Repeat the entries that appear below, exactly as they are given.

◇ ◇ ◇ ◇

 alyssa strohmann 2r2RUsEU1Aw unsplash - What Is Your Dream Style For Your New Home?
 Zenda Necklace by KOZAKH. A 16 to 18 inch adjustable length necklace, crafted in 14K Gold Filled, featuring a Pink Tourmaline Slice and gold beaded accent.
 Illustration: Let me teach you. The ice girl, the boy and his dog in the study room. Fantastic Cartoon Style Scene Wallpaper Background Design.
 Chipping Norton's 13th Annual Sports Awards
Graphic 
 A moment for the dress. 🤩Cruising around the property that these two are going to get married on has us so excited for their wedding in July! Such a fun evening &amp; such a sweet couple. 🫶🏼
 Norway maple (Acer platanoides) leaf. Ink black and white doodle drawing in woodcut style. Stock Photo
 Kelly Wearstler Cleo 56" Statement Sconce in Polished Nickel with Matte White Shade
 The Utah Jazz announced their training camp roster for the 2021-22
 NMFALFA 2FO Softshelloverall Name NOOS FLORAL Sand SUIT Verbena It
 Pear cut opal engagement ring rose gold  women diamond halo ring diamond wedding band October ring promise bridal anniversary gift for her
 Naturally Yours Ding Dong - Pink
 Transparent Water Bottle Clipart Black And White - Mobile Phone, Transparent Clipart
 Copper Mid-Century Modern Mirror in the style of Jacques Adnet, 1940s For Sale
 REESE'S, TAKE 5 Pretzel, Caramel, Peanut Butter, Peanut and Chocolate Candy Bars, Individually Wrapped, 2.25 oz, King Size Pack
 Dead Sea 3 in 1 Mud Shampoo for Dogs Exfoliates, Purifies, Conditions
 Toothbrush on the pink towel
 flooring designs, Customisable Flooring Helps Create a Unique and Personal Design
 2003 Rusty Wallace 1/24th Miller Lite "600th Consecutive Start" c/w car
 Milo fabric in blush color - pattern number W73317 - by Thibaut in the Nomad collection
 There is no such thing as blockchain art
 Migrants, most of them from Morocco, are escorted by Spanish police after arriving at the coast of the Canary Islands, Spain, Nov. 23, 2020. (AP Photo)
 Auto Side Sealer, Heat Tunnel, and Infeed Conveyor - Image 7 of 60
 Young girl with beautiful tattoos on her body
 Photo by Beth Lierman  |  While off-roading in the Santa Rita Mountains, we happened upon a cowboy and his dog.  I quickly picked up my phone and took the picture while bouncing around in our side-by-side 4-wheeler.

◇ ◇ ◇ ◇

- **WRITTEN SOLUTION**:
 alyssa strohmann 2r2RUsEU1Aw unsplash - What Is Your Dream Style For Your New Home?
 Zenda Necklace by KOZAKH. A 16 to 18 inch adjustable length necklace, crafted in 14K Gold Filled, featuring a Pink Tourmaline Slice and gold beaded accent.
 Illustration: Let me teach you. The ice girl, the boy and his dog in the study room. Fantastic Cartoon Style Scene Wallpaper Background Design.
 Chipping Norton's 13th Annual Sports Awards
Graphic 
 A moment for the dress. 🤩Cruising around the property that these two are going to get married on has us so excited for their wedding in July! Such a fun evening &amp; such a sweet couple. 🫶🏼
 Norway maple (Acer platanoides) leaf. Ink black and white doodle drawing in woodcut style. Stock Photo
 Kelly Wearstler Cleo 56" Statement Sconce in Polished Nickel with Matte White Shade
 The Utah Jazz announced their training camp roster for the 2021-22
 NMFALFA 2FO Softshelloverall Name NOOS FLORAL Sand SUIT Verbena It
 Pear cut opal engagement ring rose gold  women diamond halo ring diamond wedding band October ring promise bridal anniversary gift for her
 Naturally Yours Ding Dong - Pink
 Transparent Water Bottle Clipart Black And White - Mobile Phone, Transparent Clipart
 Copper Mid-Century Modern Mirror in the style of Jacques Adnet, 1940s For Sale
 REESE'S, TAKE 5 Pretzel, Caramel, Peanut Butter, Peanut and Chocolate Candy Bars, Individually Wrapped, 2.25 oz, King Size Pack
 Dead Sea 3 in 1 Mud Shampoo for Dogs Exfoliates, Purifies, Conditions
 Toothbrush on the pink towel
 flooring designs, Customisable Flooring Helps Create a Unique and Personal Design
 2003 Rusty Wallace 1/24th Miller Lite "600th Consecutive Start" c/w car
 Milo fabric in blush color - pattern number W73317 - by Thibaut in the Nomad collection
 There is no such thing as blockchain art
 Migrants, most of them from Morocco, are escorted by Spanish police after arriving at the coast of the Canary Islands, Spain, Nov. 23, 2020. (AP Photo)
 Auto Side Sealer, Heat Tunnel, and Infeed Conveyor - Image 7 of 60
 Young girl with beautiful tattoos on her body
 Photo by Beth Lierman  |  While off-roading in the Santa Rita Mountains, we happened upon a cowboy and his dog.  I quickly picked up my phone and took the picture while bouncing around in our side-by-side 4-wheeler.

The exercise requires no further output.